Dataset items
☆ ☆ ☆ ☆ ☆

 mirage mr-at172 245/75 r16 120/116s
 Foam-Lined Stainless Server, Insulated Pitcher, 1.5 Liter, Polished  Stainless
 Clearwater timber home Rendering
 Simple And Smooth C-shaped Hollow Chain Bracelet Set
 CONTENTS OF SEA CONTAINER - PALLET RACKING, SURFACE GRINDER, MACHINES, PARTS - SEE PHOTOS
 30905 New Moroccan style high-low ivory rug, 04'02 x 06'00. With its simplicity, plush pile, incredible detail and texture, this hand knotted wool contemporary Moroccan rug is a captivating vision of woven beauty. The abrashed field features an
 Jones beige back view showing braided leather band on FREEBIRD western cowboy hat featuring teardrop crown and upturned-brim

☆ ☆ ☆ ☆ ☆

The expected response consists solely of the lines from the one with "Clearwater timber home Rendering" through the end of the records, repeated exactly.

 Clearwater timber home Rendering
 Simple And Smooth C-shaped Hollow Chain Bracelet Set
 CONTENTS OF SEA CONTAINER - PALLET RACKING, SURFACE GRINDER, MACHINES, PARTS - SEE PHOTOS
 30905 New Moroccan style high-low ivory rug, 04'02 x 06'00. With its simplicity, plush pile, incredible detail and texture, this hand knotted wool contemporary Moroccan rug is a captivating vision of woven beauty. The abrashed field features an
 Jones beige back view showing braided leather band on FREEBIRD western cowboy hat featuring teardrop crown and upturned-brim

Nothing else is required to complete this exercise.